2025-12-05T14:28:51.874149Z

There are many surprises of this kind for people with previous lisp experience 🤷‍♂️

Jim Newton 2025-12-05T15:45:55.438549Z

interesting.. it is surprising that cons and conj return different types when consing onto a list.

Jim Newton 2025-12-05T15:47:16.385109Z

the other thing that gets me which I always re-forget again and again. the tail of a singleton list is not falsey. (rest '(1))

seancorfield 2025-12-05T16:29:48.462329Z

list? and seq? are very "concrete" in terms of when they return true. You probably want sequential? or perhaps seqable? instead.

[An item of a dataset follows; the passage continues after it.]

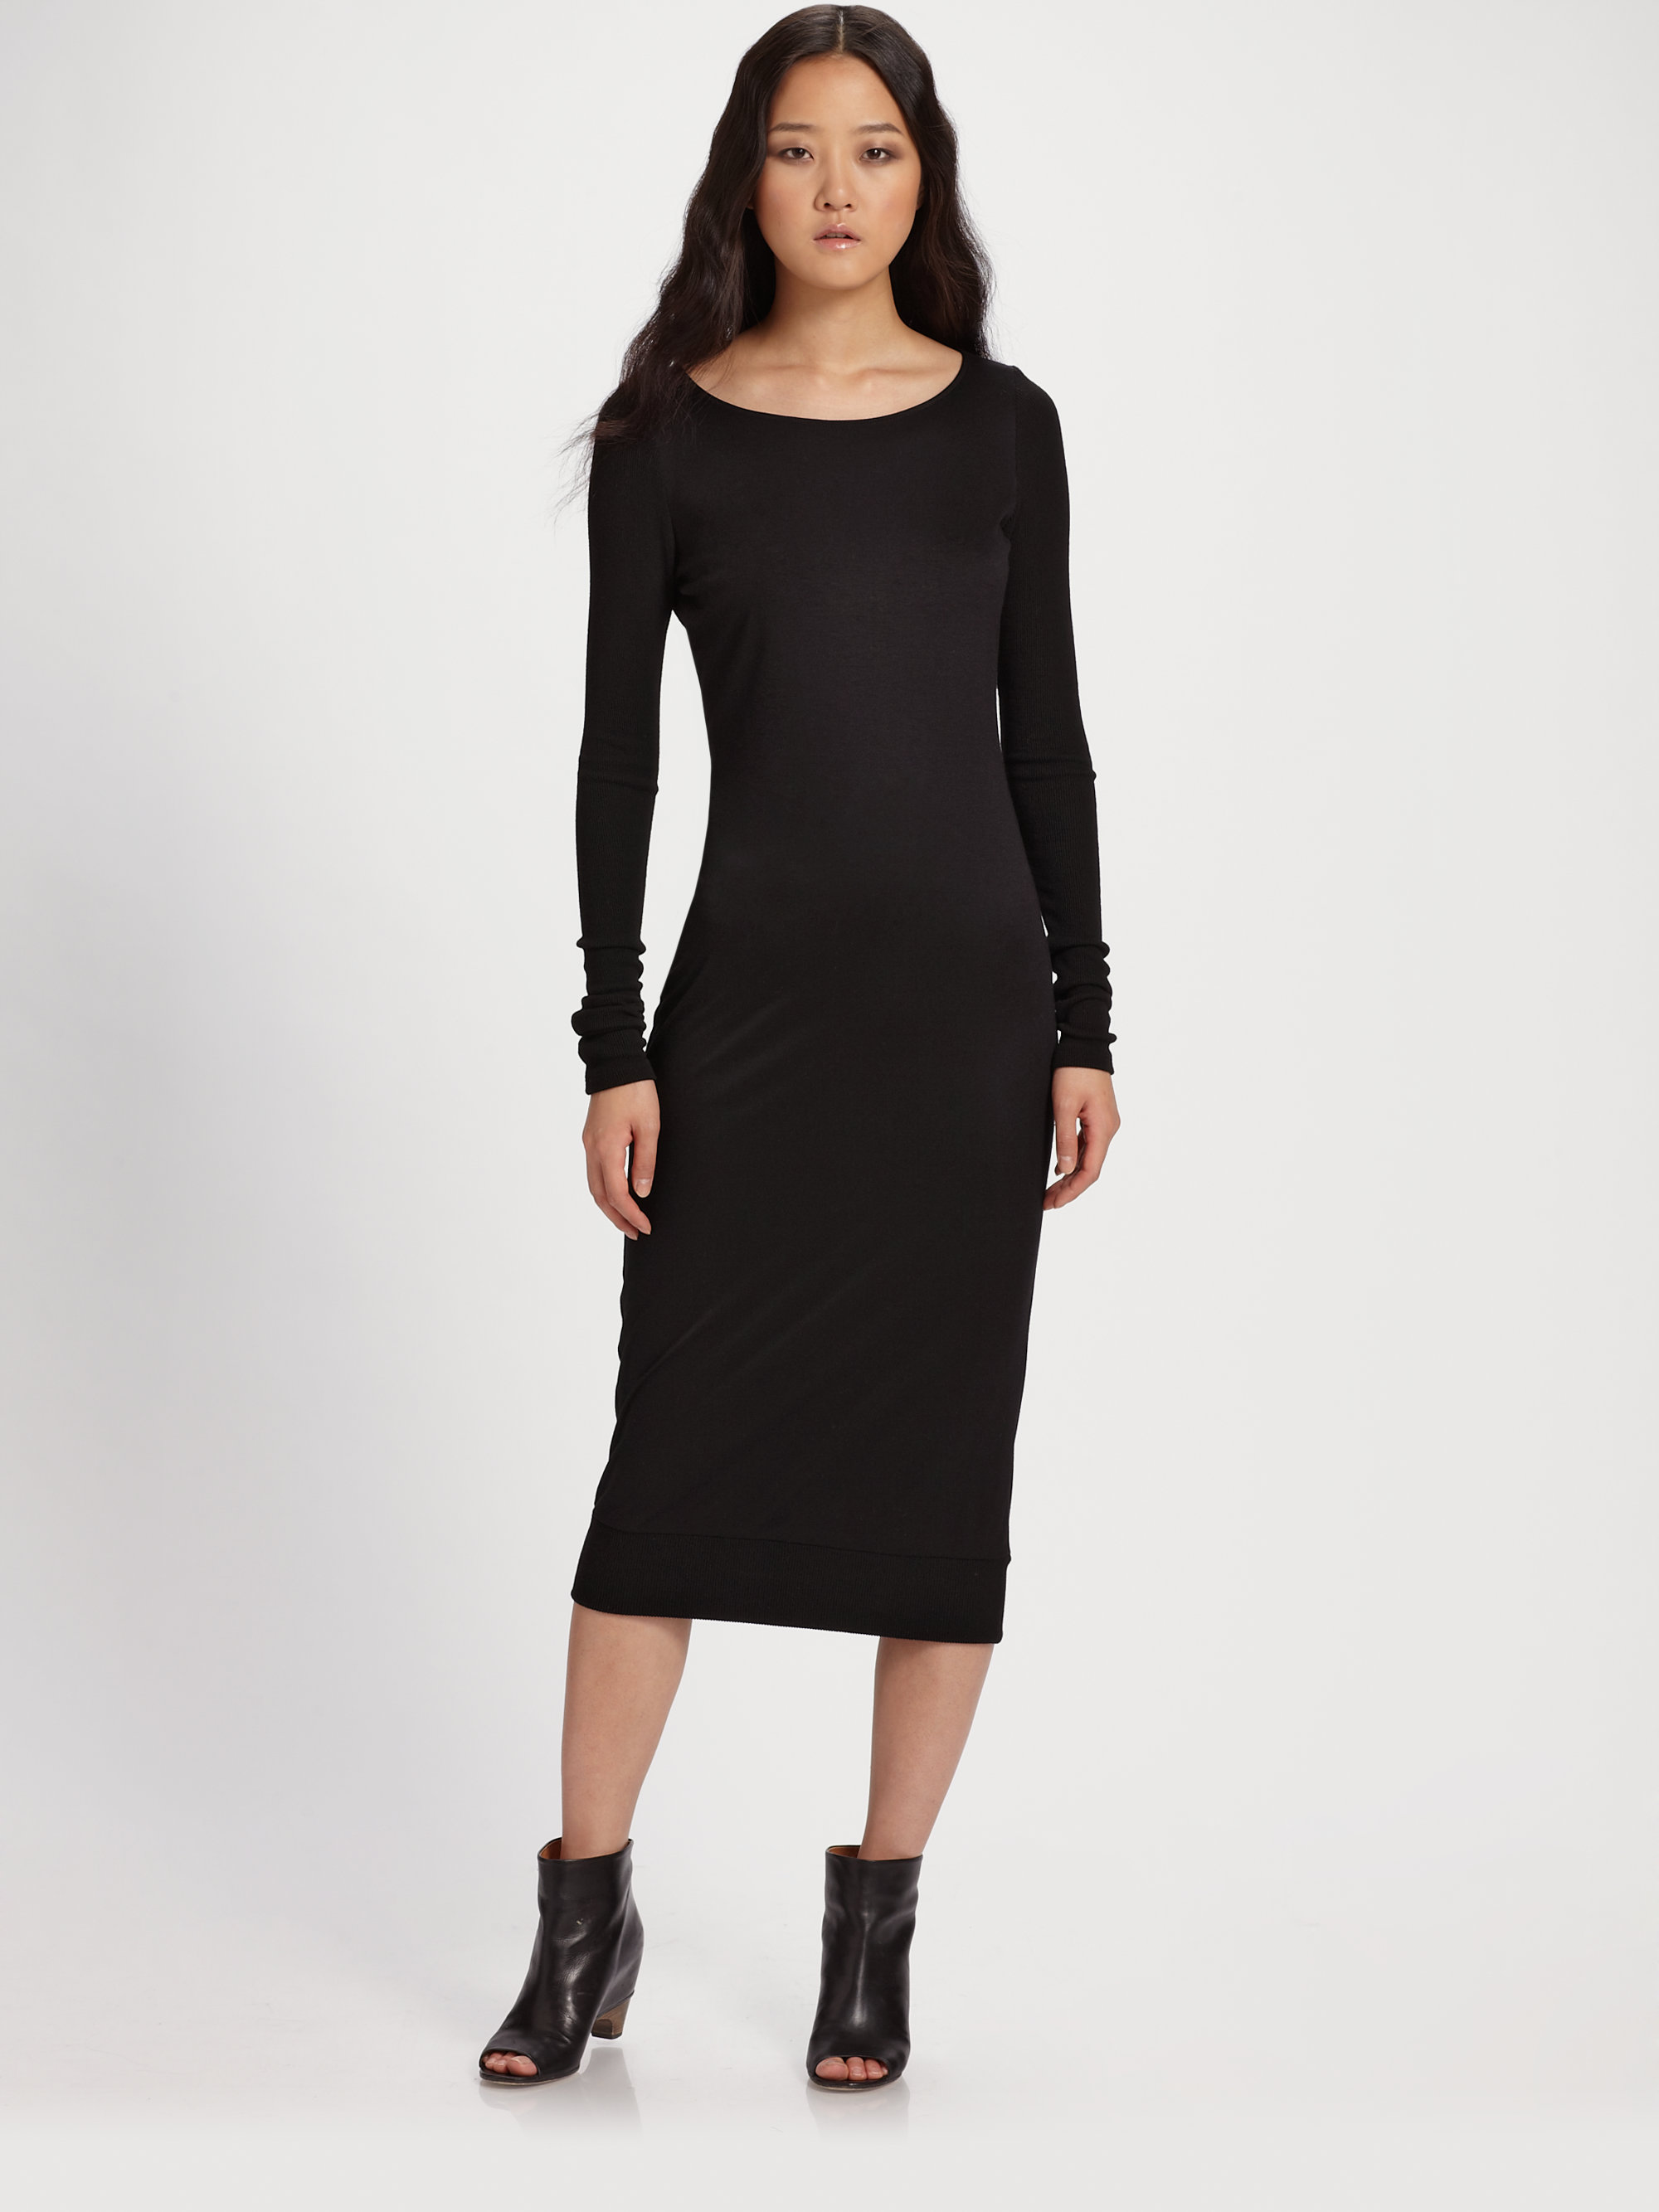 Maggie ward Sleek Jersey Dress in Black | Lyst

Re: rest -- (next '(1)) returns nil (falsey). That's the big difference between next and rest.

seancorfield 2025-12-05T16:30:18.082989Z

Or check (seq x) which returns nil for an empty sequence.

Jim Newton 2025-12-05T17:58:13.908249Z

It doesn’t fit into my brain that () and nil are different

Jim Newton 2025-12-05T17:59:39.249549Z

I didn’t know about next. So I guess code like the following should use next instead of rest

(loop [as a
                   bs b]
              (cond (and (empty? as)
                         (empty? bs))
                    true

                    (or (empty? as)
                        (empty? bs))
                    false

                    :otherwise
                    (and (strong-equal? (first as) (first bs))
                         (recur (rest as) (rest bs)))))

weavejester 2025-12-05T18:52:10.737159Z

I'd probably write it as:

(loop [as (seq a), bs (seq b)]
  (if (and as bs)
    (and (strong-equal? (first as) (first bs))
         (recur (next as) (next bs)))
    (and (nil? as) (nil? bs))))

weavejester 2025-12-05T18:53:26.370219Z

seq will turn a seqable? into a seq or nil if it's empty.

technomancy 2025-12-05T18:58:26.017169Z

list? is broken, it's a famous footgun.

technomancy 2025-12-05T18:58:58.579189Z

possibly the worst left since they fixed contains?

weavejester 2025-12-05T19:00:38.180299Z

How did they fix contains??

Jim Newton 2025-12-05T19:23:07.525259Z

@weavejester that type of nil-punning coding scares me. I’m not confident enough to understand which types of objects have a gotcha that an empty object is truthy. so I always use empty? and not-empty …. if I use those functions then I know i’m never going to be hit with the empty-truthy object lying in wait.

weavejester 2025-12-05T19:28:02.733919Z

The rule in Clojure is universal and fairly straightforward: nil and false are falsey; everything else is truthy. When dealing with iterating over collections using loop/recur, it's often useful to convert them into seqs first using seq. This will return a seq or nil if its empty. Similarly, (next x) is equivalent to (seq (rest x)).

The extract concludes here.